Literary history is another of those unexpected places in which Indians are always found. But while Indigenous literature—both historic and contemporary—has garnered increasing attention in the academy and beyond, the Digital Humanities does not seem to have contributed very much to the expansion and promotion of these canons. Conversely, while DH has produced some dynamic and diverse literary scholarship, scholars in Native American Studies seem to be turning toward this scholarship only slowly. Perhaps digital literary studies has not felt terribly inviting to Indigenous texts; many observers (Earhart 2012; Koh 2015) have remarked that the emerging digital literary canon, indeed, looks an awful lot like the old one, with the lion’s share of the funding and prestige going to predictable figures like William Shakespeare, William Blake, and Walt Whitman. At this moment, I know of no mass movement to digitize Indigenous writing, although a number of “public domain” texts appear in places like the Internet Archive, Google Books, and Project Gutenberg.[3] Indigenous digital literature seems light years away from the kinds of scholarly and technical standards achieved by the Whitman and Rosetti Archives. And without a sizeable or searchable corpus, scholarship on Indigenous literature likewise seems light years from the kinds of text mining, topic modeling and network analysis that is au courant in DH.
Instead, we see small-scale, emergent digital collections that nevertheless offer strong correctives to master narratives of Indigenous disappearance, and that supply further material for ongoing sovereignty struggles. The Hawaiian language newspaper project is one powerful example. Started as a massive crowdsourcing effort that digitized at least half of the remarkable 100 native-language newspapers produced by Hawaiian people between the 1830s and the 1940s, it calls itself “the largest native-language cache in the Western world,” and promises to change the way Hawaiian history is seen. It might well do so if, as Noenoe Silva (2004, 2) has argued, “[t]he myth of [Indigenous Hawaiian] nonresistance was created in part because mainstream historians have studiously avoided the wealth of material written in Hawaiian.” A grassroots digitization movement like the Hawaiian Nupepa Project makes such studious avoidance much more difficult, and it brings to the larger world of Indigenous digital collections direct examples—through Indigenous literacy—of Indigenous political persistence.
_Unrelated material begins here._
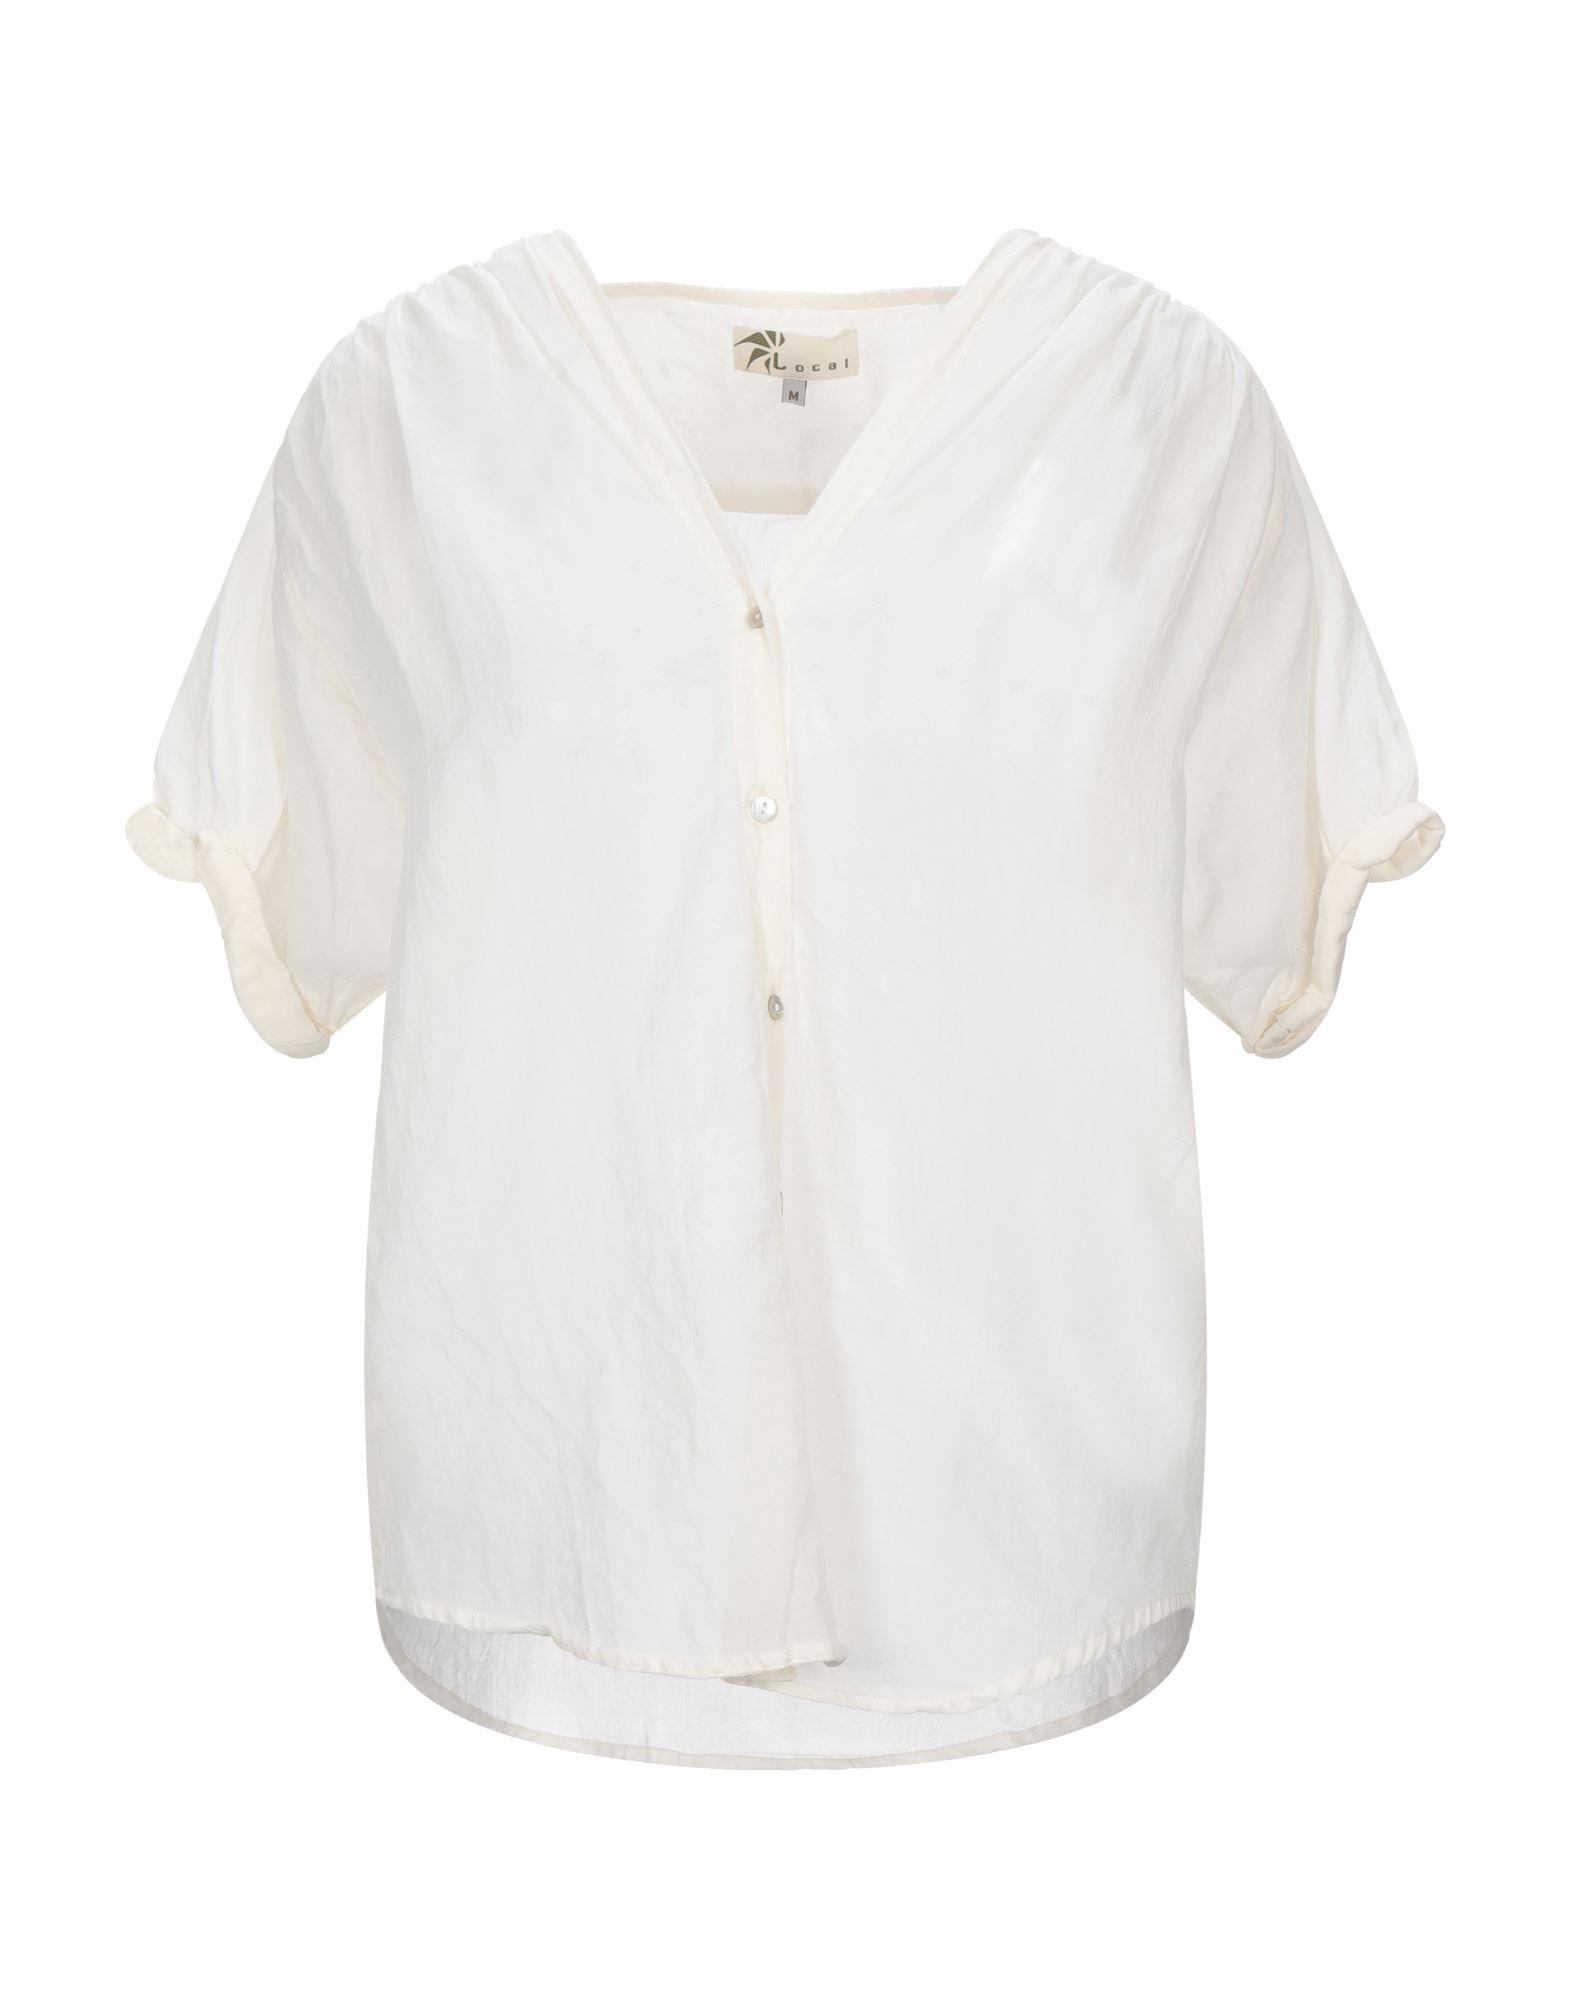 LOCAL APPAREL Pубашка local apparel топ без рукавов

It thus points to the value of the literary in Indigenous digitization efforts. Jessica Pressman and Lisa Swanstrom (2013) have asked, “What kind of scholarly endeavors are possible when we think of the digital humanities as not just supplying the archives and data-sets for literary interpretation but also as promoting literary practices with an emphasis on aesthetics, on intertextuality, and writerly processes? What kind of scholarly practices and products might emerge from a decisively literary perspective and practice in the digital humanities?” Abenaki historian Lisa Brooks (2012, 309) has asked similar questions from an Indigenous perspective, positing that digital space allows us to challenge conventional notions of literary periodization and of place, to “follow paths of intellectual kinship, moving through rhizomic networks of influence and inquiry.” Brooks and other literary historians have long argued that Indigenous people have deployed alphabetic literacy strategically to (re)build their communities, restore and revitalize their traditions, and exercise their political and cultural sovereignty. Digital literary projects, like the Hawaiian newspaper project, can offer powerful extensions of these practices in electronic space.
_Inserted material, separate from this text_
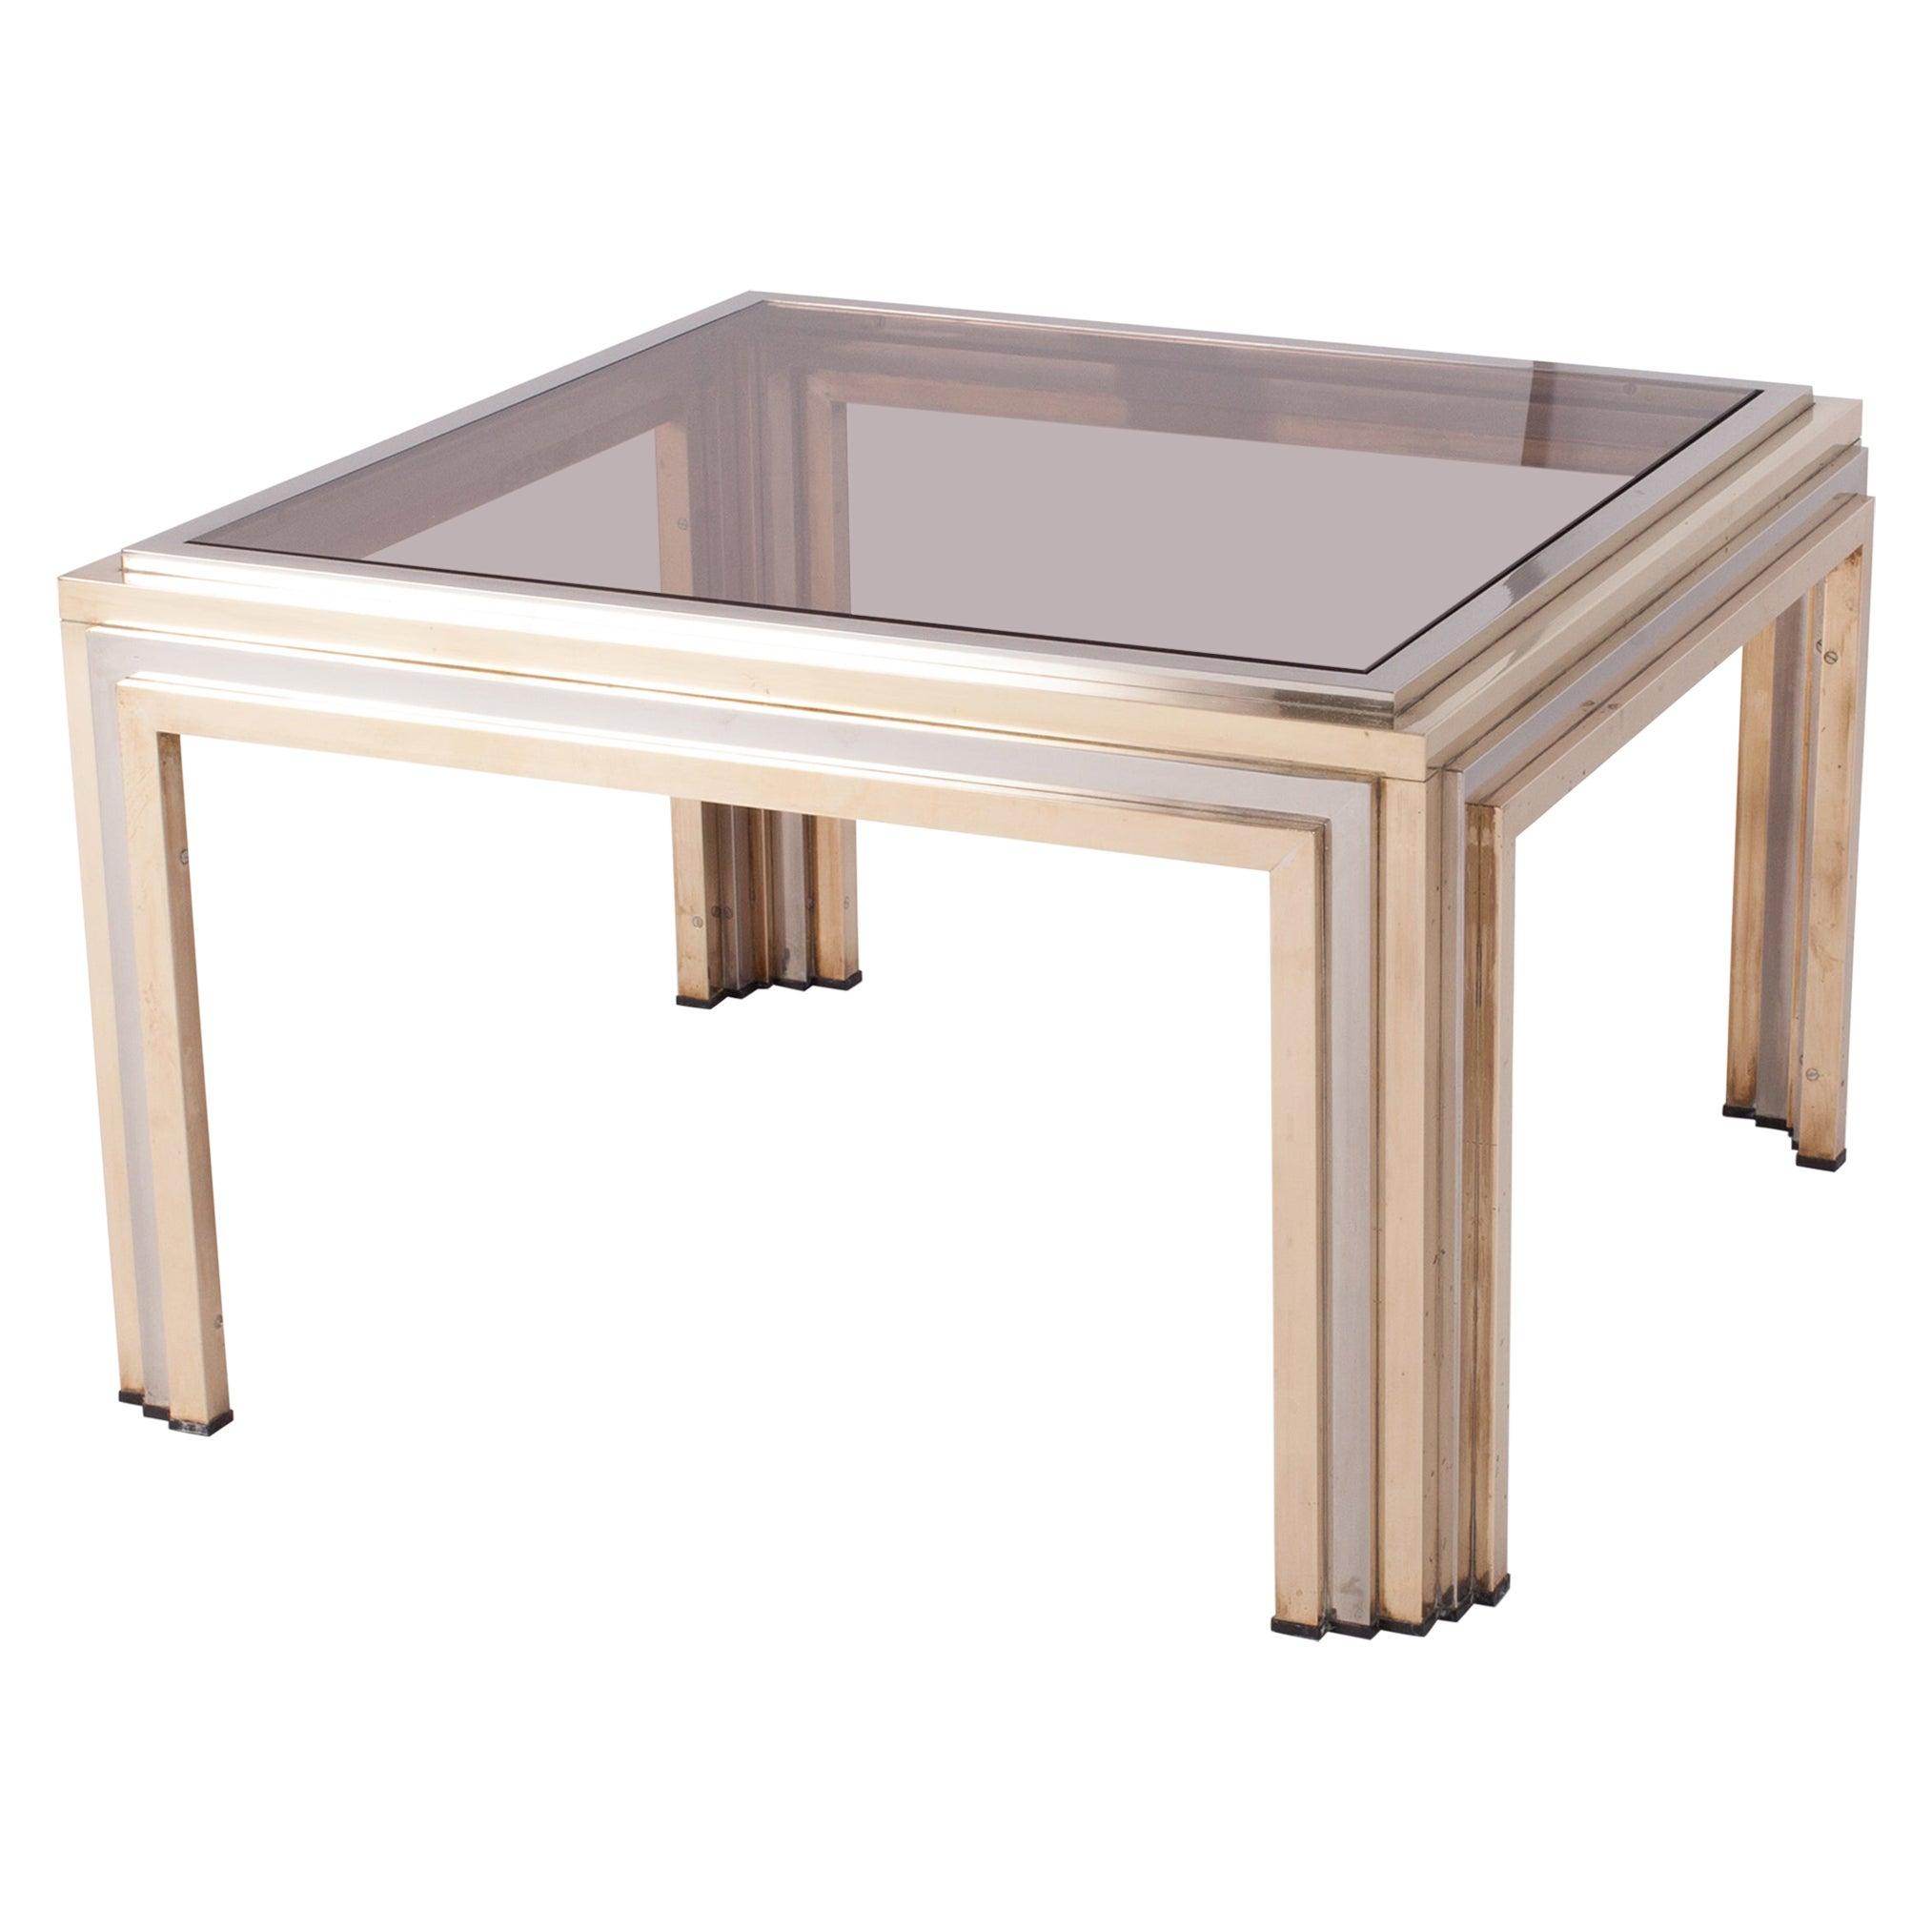 Romeo Rega Brass and Chrome Coffee Table

Dawnlandvoices.org: Curating Indigenous Literary Continuance
These were some of the questions and issues we had in mind when we started dawnlandvoices.org.[4] This archive is emergent—not a straight scan-and-upload of items residing in one physical site or group of sites, but rather a collaboration among tribal authors, tribal collections, and university-based scholars and students. It came out of a print volume, Dawnland Voices: An Anthology of Writing from Indigenous New England (Senier 2014), edited by myself and eleven tribal historians. Organized by tribal nation, the book ranges from the earliest writings (petroglyphs and political petitions) to the newest (hip-hop poetry and blog entries). The print volume already aimed to be a counter-archive, insofar as it represents the literary traditions of “New England,” a region that has built its very identity on colonial dispossession, colonial boundaries and the myth of Indian disappearance. It also already aimed to decolonize the archive, insofar as it distributes editorial authority and control to Indigenous writers, historians and knowledge-keepers. At almost 700 pages, though, Dawnland in book form could only scratch the surface of the wealth of writing that regional Native people have produced, and that remains, for the most part, in their own hands.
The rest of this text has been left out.